I recently spent a few days at Walt Disney World in Florida, and I came away very impressed by the Disney transportation system. The Disney folks are masters of getting people where they want to go quickly and easily throughout Walt Disney World, which includes four major theme parks, two entertainment and shopping complexes, 17 Disney resorts/hotels, seven affiliated "official Walt Disney World hotels," seven golf courses, three water parks, and the Disney Institute.

It occurred to me that the Disney transportation system parallels the guiding principles of the Federal Highway Administration (FHWA). Both FHWA and Disney are committed to excellence in service to their customers; both seek to leverage technology and innovation to ensure the most efficient, effective, and environmentally sensitive intermodal transportation system; and both strive for quality and continuous improvement.

And similar to FHWA's goals for safety, mobility and productivity, the Disney system is safe, multimodal and intermodal - moving people by bus, several types of boats, and monorail - efficient (quick and easy for the user), reliable (operates on continuous cycle, ensuring not only a relatively short waiting time but also adequate "capacity" to move the large number of riders efficiently), and integrated (allowing the rider to change carriers or modes easily using a single transportation pass).

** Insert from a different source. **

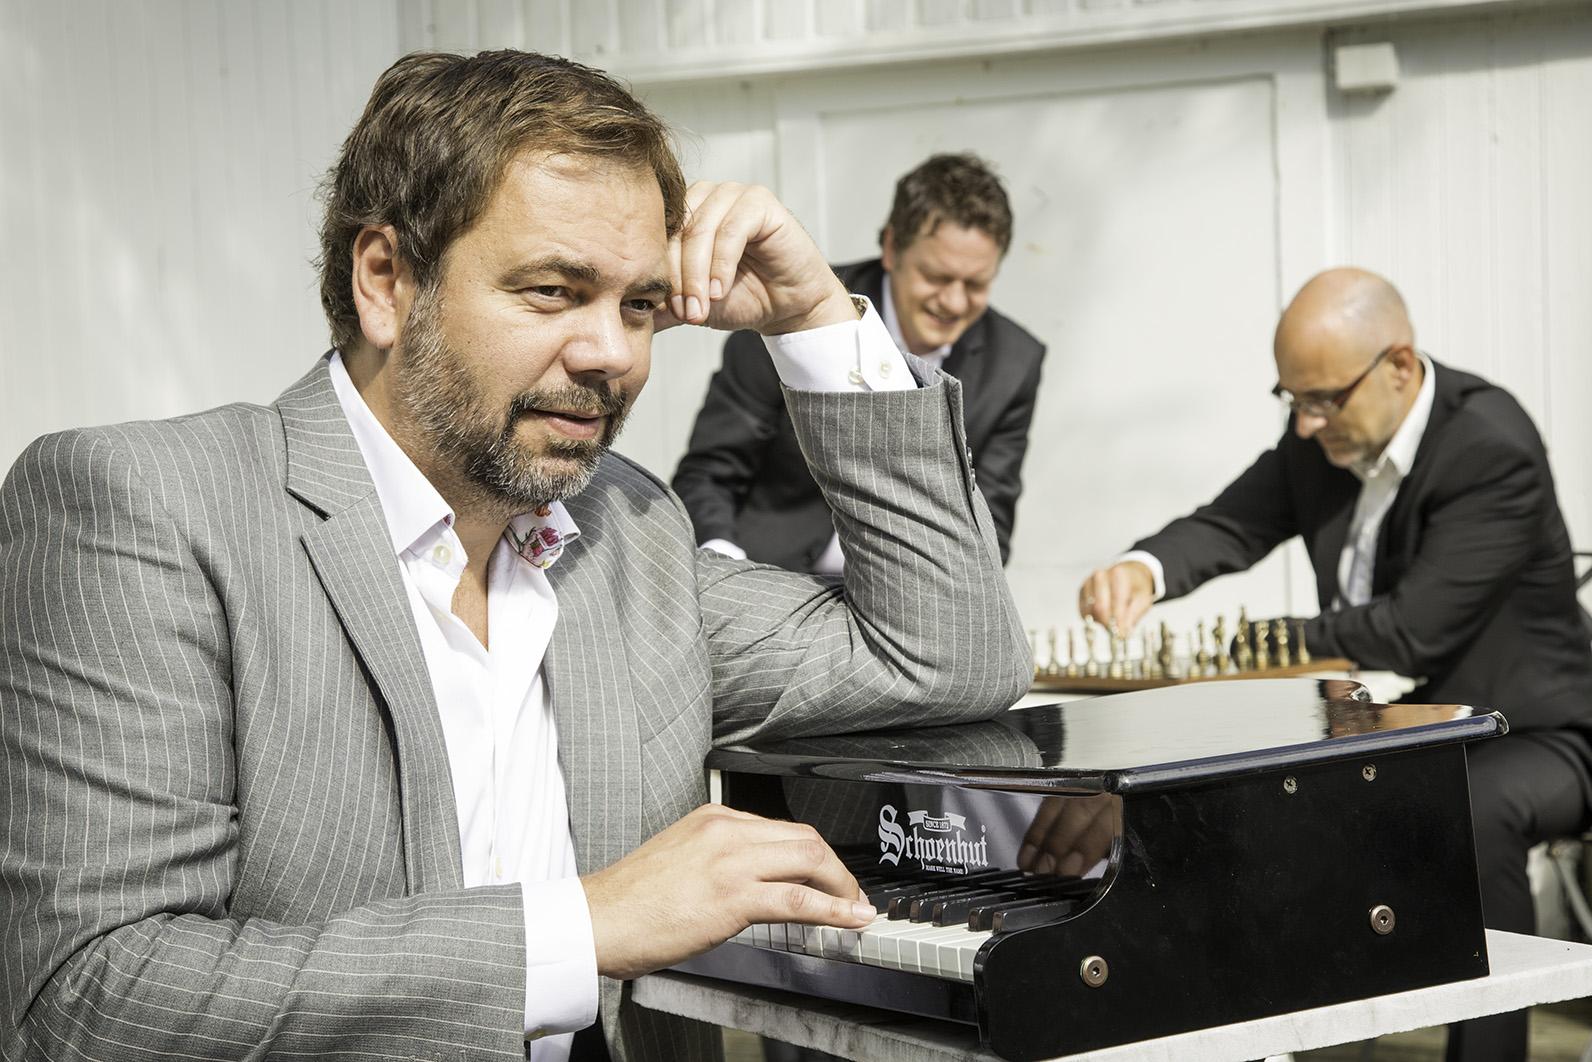 Gruppen Gisle Børge Styve Trio

The folks at Disney are very clever (characterized by being skillful, resourceful, and ingenious). Their transportation system is the result of great planning and design, which can be seen, for example, in the waterway connections between some of the resorts and theme parks.

Of course, the projects and problems faced by FHWA and its partners in their quest to "create the best [national] transportation system in the world" are much more numerous, massive, and complex than the anything Disney has to deal with in its very controlled environment. However, that simply makes the need to be clever so much more essential, and a changing environment shaped by the Transportation Equity Act for the 21st Century (TEA-21) and by the restructuring of FHWA increases the need to think "outside the box."

FHWA and its partners are also very clever, and Public Roads has reported many of the ways they are leveraging technology and innovation - everything from deployments of integrated, intelligent transportation systems in urban and rural areas to innovative, highway financing methods. The objective of Public Roads is to share information, stimulating the imagination of our readers so that together FHWA and all of its partners can discover clever and effective ways to continuously improve surface transportation in the United States.